各種設備投資の負担が大きかったからであり、僅かに土地の分譲費の分がプラスになった程度である。
だが……
このニュータウンは、青島一族に決定的な利益を齎したのである。
美しい都市と職住近接の環境に満足している住民たちは、選挙のたびに自然に青島剛太郎に票を入れた。
つまり、金銭的な利益はさほどでなかったものの、青島家は最終的に50万人が暮らすニュータウンという巨大な票田を手に入れたのである。
剛太郎も、選挙期間中はもちろん毎日のようにモノレールの駅前や中央広場に立って選挙演説をした。
そのとき剛太郎はマイクもスピーカーも使わなかった。
自分が作った理想の街に騒音公害を起こさせたくなかったからである。
選挙期間の初日には肉声で懸命に演説する剛太郎の姿があった。
それが日を追うにしたがってガラガラ声になってくる。
投票日前などは秘書の差し出すハンカチを血に染めながら語っている。
そうした変化を毎日通勤する住民たちが見ていたのである。
もちろん野党候補も来て同じ駅前でスピーカーを使った演説も始めるのだが、怖い顔の住民たちに取り囲まれて『ウルサイ!』と怒鳴られ、すぐに涙目で帰っていった。
中にはそれでも演説を続ける図々しい候補者もいたが、そうすると高層マンションの屋上から『○○党候補○○ウルサイ!』『選挙演説ではスピーカーを使うな!』などという垂れ幕が下がり始める。
それでも止めないと、抗議の立て看板も林立し始める。
もちろんこれらは選挙妨害に当たるために、候補者たちは警察に通報するのだが、やはり地元住民が多かった警察官たちの対応もおざなりである。
実際に選挙が終わると地区ごとの得票数も公表されるのだが、野党候補者たちは、青嵐ニュータウンでの得票数ヒトケタなどという屈辱を味わって、次の選挙からは演説には来なくなった。
こうして青島剛太郎は6期連続で衆議院議員に当選し、しかも開票速報に於いては開票開始から5分以内に『当選確実』が出続けるという快挙を成し遂げたのである。

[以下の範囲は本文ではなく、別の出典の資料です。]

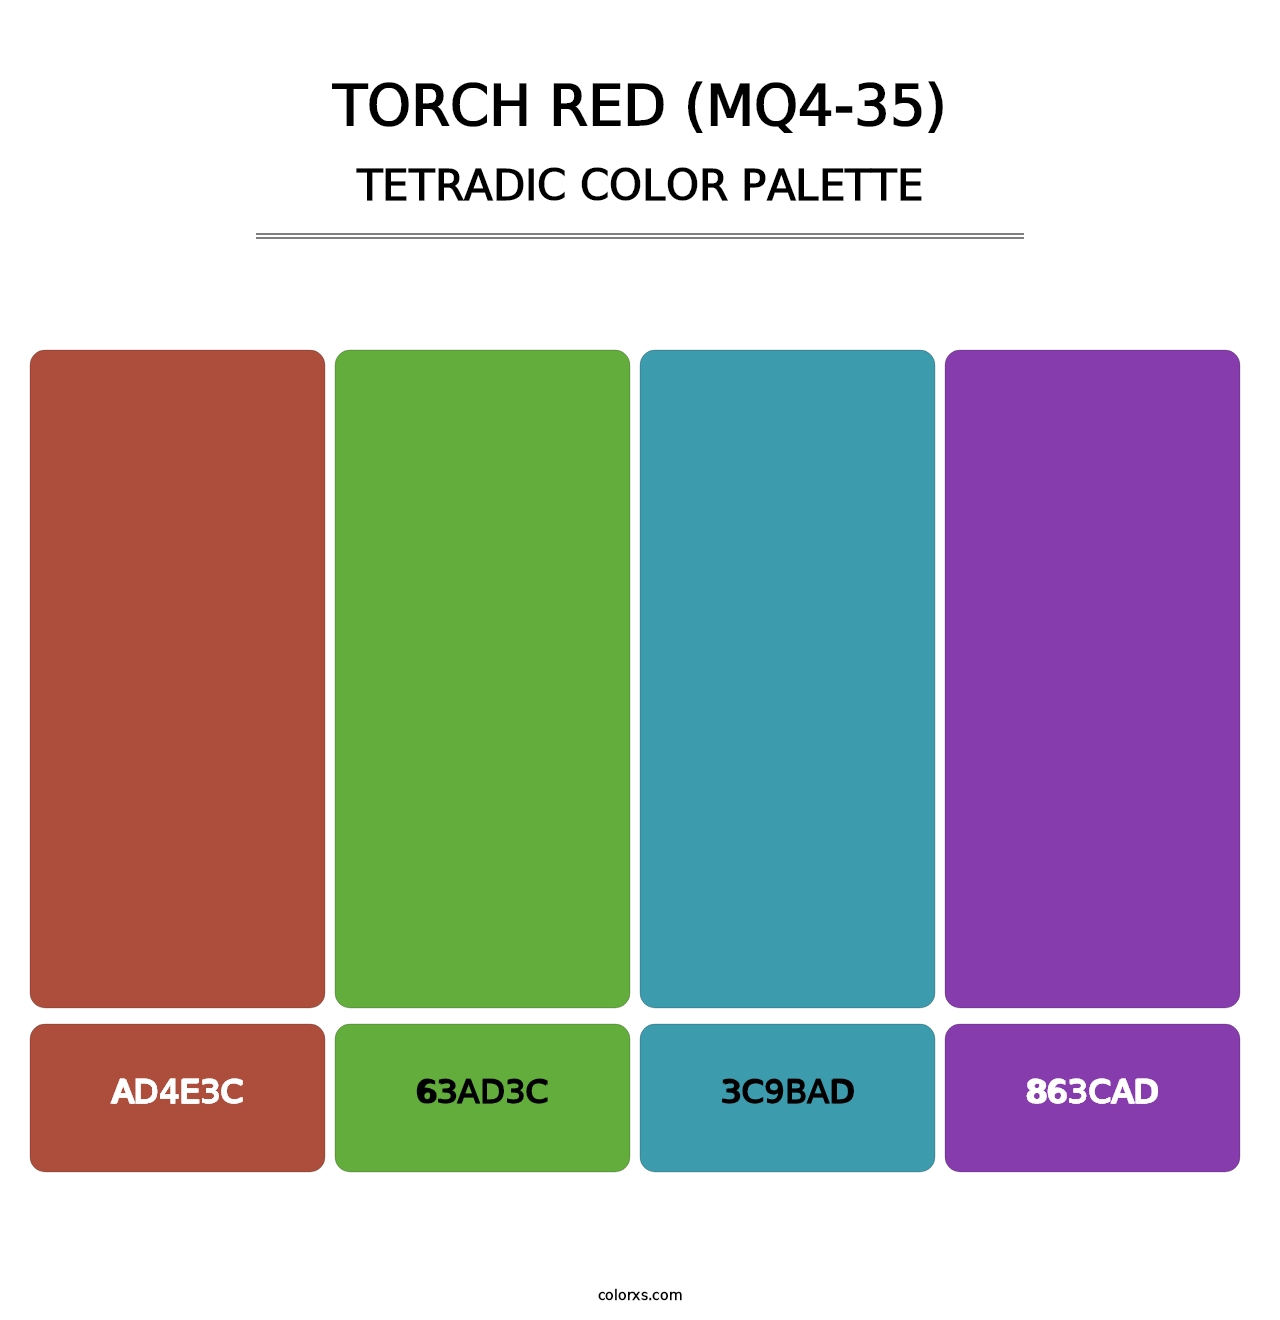 Torch Red (MQ4-35) - Tetradic Color Palette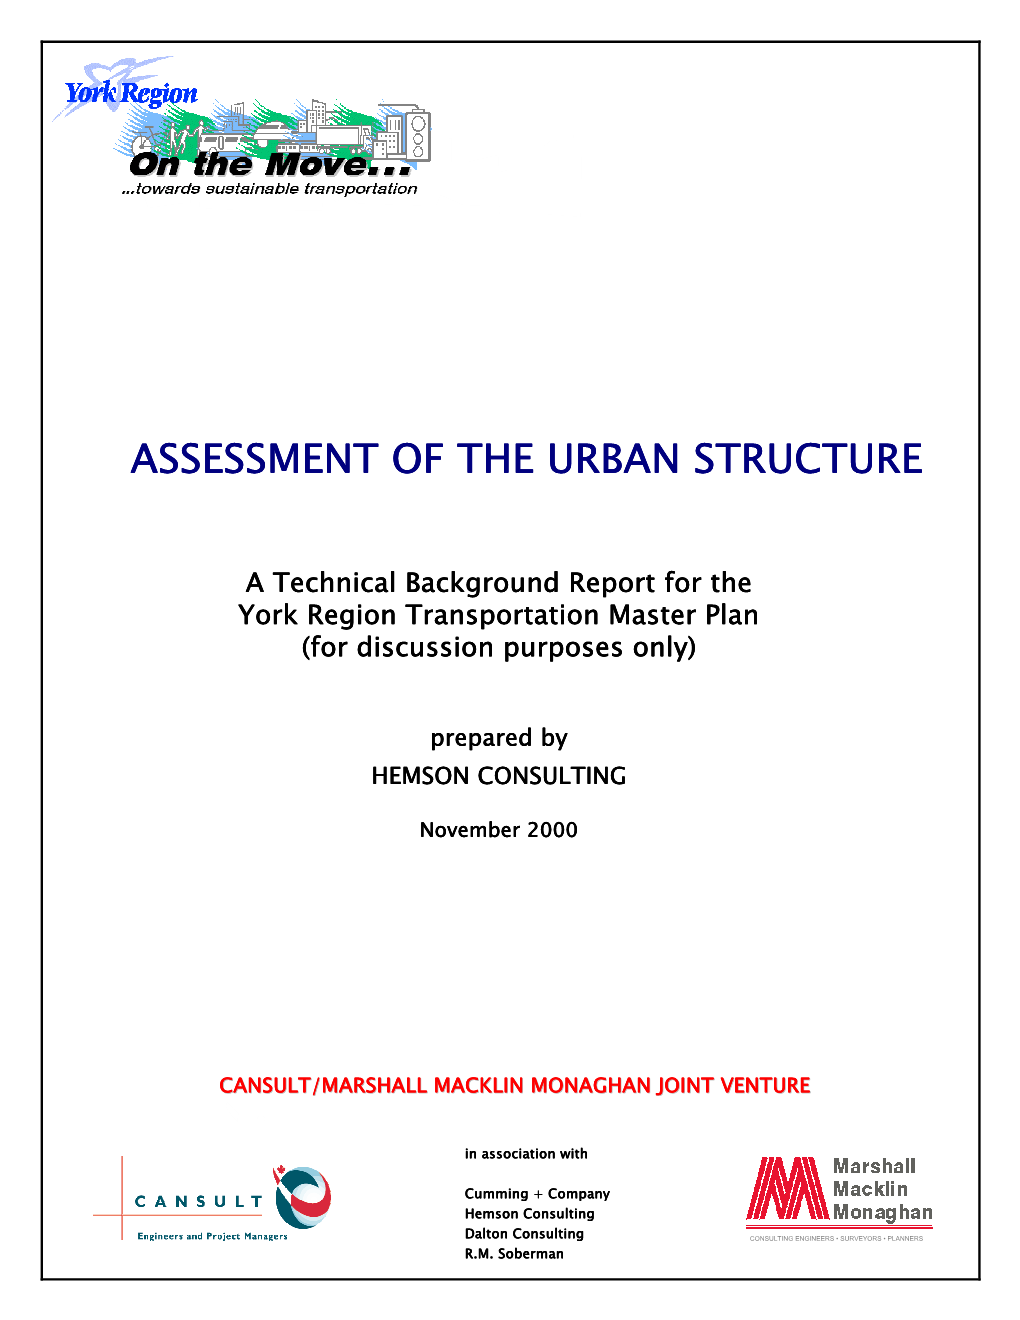 Assessment of Urban Structure

この剛太郎は、歳をとってから生まれた長男を嵐児と名付けた。
青島嵐児。略して青嵐である。
政治家一族として、この4代目にも期待は非常に大きかったのだ。
初代剛蔵は逓信大臣、2代目剛毅は厚生大臣、3代目剛太郎は通産大臣の要職を占めたが、青島家の悲願は内閣総理大臣を出すことにあった。
だが……
この4代目青島嵐児の興味は政治には無かった。
甘いマスクでありながら誠実そうなイケメン、加えて地盤も鞄も看板も持ち、プリンスと呼ばれる彼の興味は、すべて軍隊と格闘技にあったのだ。
いわゆるミリオタ、格闘オタである。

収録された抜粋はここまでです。